Solar science research satellite

PICARD is a satellite dedicated to the simultaneous measurement of the absolute total and spectral solar irradiance, the diameter and solar shape, and to the Sun's interior probing by the helioseismology method. These measurements obtained throughout the mission allow study of their variations as a function of solar activity. It launched, along with the Prisma spacecraft, on 15 June 2010 on a Dnepr launcher from Dombarovskiy Cosmodrome, near Yasny, Russia. The mission, originally planned for two years, ended on 4 April 2014.

==Objectives==
The objectives of the PICARD mission are to improve humanity's knowledge of:

- the functioning of our star through new observations,
- the influence of the solar activity on the climate of the Earth.

==History==
The PICARD mission was named after the French astronomer of the 17th century Jean Picard (1620–1682) who achieved the first accurate measurements of the solar diameter.
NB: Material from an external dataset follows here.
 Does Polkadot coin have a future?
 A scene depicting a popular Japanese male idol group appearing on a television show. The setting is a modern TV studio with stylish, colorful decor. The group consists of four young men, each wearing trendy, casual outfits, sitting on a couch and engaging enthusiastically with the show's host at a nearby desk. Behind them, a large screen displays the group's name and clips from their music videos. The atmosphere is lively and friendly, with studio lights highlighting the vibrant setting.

These measurements are especially important as they were made during a period when the solar activity was minimum characterized by a sun nearly without sunspots between 1645 and 1710. This period was found by Gustav Spörer using sunspots observations gathered in Europe and this period is now named Maunder minimum. By comparing the diameter during the Maunder minimum and the diameter when the sun was active a variation has been found, leading to the still-unanswered question, "Are diameter and activity linked?" During this period in Europe, there was an unusually cold climate.

==Platform==
PICARD used the Myriade microsatellite platform, developed by CNES to use as much as possible common equipment. This platform was designed for a total mass of about 120 kg mass at launch. Its attitude in space is maintained by using a star sensor, solar sensors, a magnetometer, gyrometers, several magnetic rods and reaction wheels. If an orbit control and orbit manoeuvres are needed, a hydrazine system may be used. The on-board management is centralised, and uses a 10 MIPS microprocessor T805. A mass memory is available for the data storage. The telemetry and telecommand used the CCSDS standard.

==Payload==
The PICARD payload is composed of the following instruments:

- SOVAP (SOlar VAriability PICARD): composed of a differential radiometer and a bolometric sensor to measure the total solar irradiance (previously called solar constant),
- PREMOS (PREcision MOnitor Sensor): a set of 3 photometers to study the ozone formation and destruction, and to perform helioseismologic observations, and a differential radiometer to measure the total solar irradiance,
- SODISM (SOlar Diameter Imager and Surface Mapper): an imaging telescope accurately pointed and a CCD which allows measuring the solar diameter and shape with an accuracy of a few milliarc second, and to perform helioseismologic observations to probe the solar interior.